A Bill is currently being drafted, to among other things, protect the rights of widows and widowers.
Dianah is excited at the prospect of having a legislation that will protect the rights of widows and widowers. The Bill seeks to address their right to a spouses’ property, even when the union was polygamous.
The proposed legislation will also outlaw certain cultural practices that ban widows and widowers from attending social functions and those that force them to perform certain rites.
The Bill, an initiative of Muungano wa Wajane, an umbrella body that brings together widows, will be sponsored by Nairobi County women’s representative Racheal Shebesh.
The death of African Independent Pentecostal Church of Africa (AIPCA) head, Archbishop Samson Gaitho, not only broke Bertha Gaitho’s heart, but also her family.
Bertha, who is in her 50’s, was the prelate’s second wife. They got married after his first union ended in divorce.
“We raised all our children together, including those from his first marriage, but things changed when my husband died,” she says.
The prelate died in 2011.
According to media reports, the two families have been embroiled in a court dispute over the deceased’s properties, and at one time, the first wife’s children stormed Bertha’s home.
But that is a subject she would rather not discuss. She chooses to focus on what the church can do to improve the plight of widows.
“I am saddened by the divisions in the family and would like all of us to live in peace.
killed any time
“The church should offer a shoulder for the many widows out here undergoing a lot of challenges. It (church) should be a place where widows feel welcome; a place where they can run to for help,” she says.
Bertha’s case is not any different from dozens of others involving families of “high profile” personalities.
The widow of former Internal Security assistant minister Orwa Ojode was locked in a tussle with some of her in-laws over compensation from Parliament after his death in 2012.
A three-year feud over property that belonged to former business tycoon Gerishon Kirima — pitting one of his wives against some of his children — also made the headlines.
Widowhood, says Bertha, has strengthened her and enabled her help other widows in similar situations. “My husband was key in making decisions affecting the family. I suddenly had to do this alone and I have slowly learnt to take on challenges as they come,” she says, and advises other widows to “know God the more and don’t cut out your social life because it will kill you.”
Next month marks a year since Jessica Kiplagat lost her husband, Major Sammy Morell.
A pilot of the Kenya Defence Forces ‘50 Air Cavalry battalion at Embakasi, Morell died when his chopper came down in Lamu County.
Tears still well up in the eye’s of the 31-year old as she talks about a loving husband and great father.

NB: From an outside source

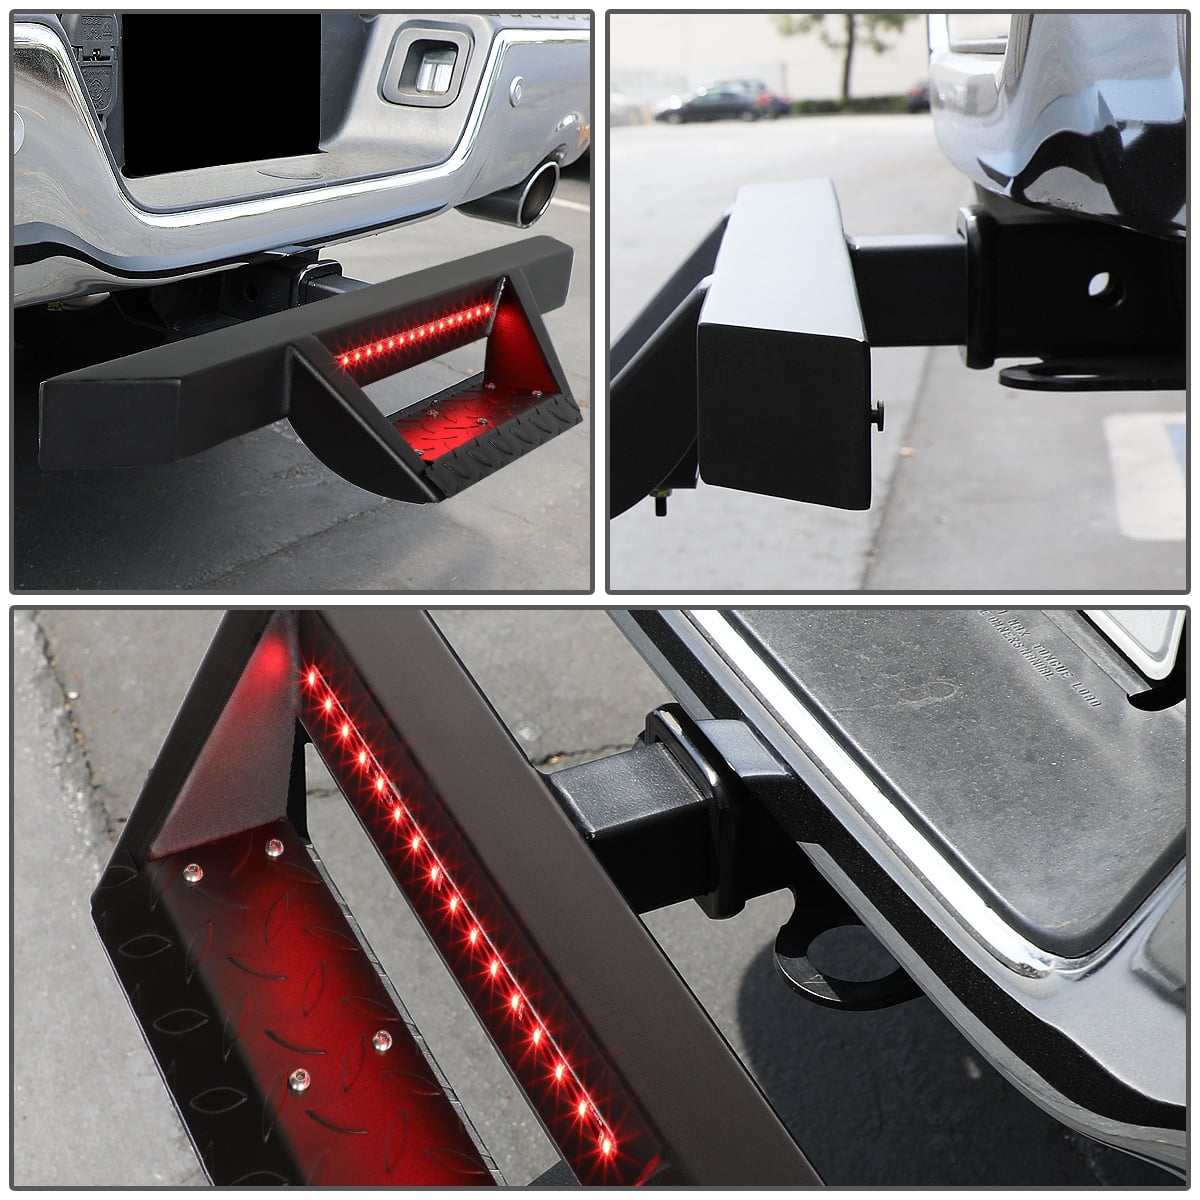 KUAFU 2 inch Receiver Trailer Hitch Step Bar for Truck Pickup W/Led Brake Light & Non-Slip Plate Fits Most Cars SUV Trucks Pickups

“I have mourned my husband for a year but I am nowhere near getting over it. I would choose him again today if he were alive,” she says, of the man she married in 2005. “I was once told that getting married to a man in uniform was like signing a death certificate because he could get killed at any time.
“But death can meet us anywhere and as a woman, one must be prepared for the possibility of losing a husband, regardless of their career.
“Its hard to accept when it happens but one must take courage, work hard for your children and hold on to God,” she says.
She too talks of a strained relationship with her in-laws but shies away from the subject. Her only prayer, however, is that the government sets up a support programme for widows of uniformed officers.
“They die while serving the country but many leave their families suffering. I was lucky I had a job when my husband died, but what about those who have children but no income?”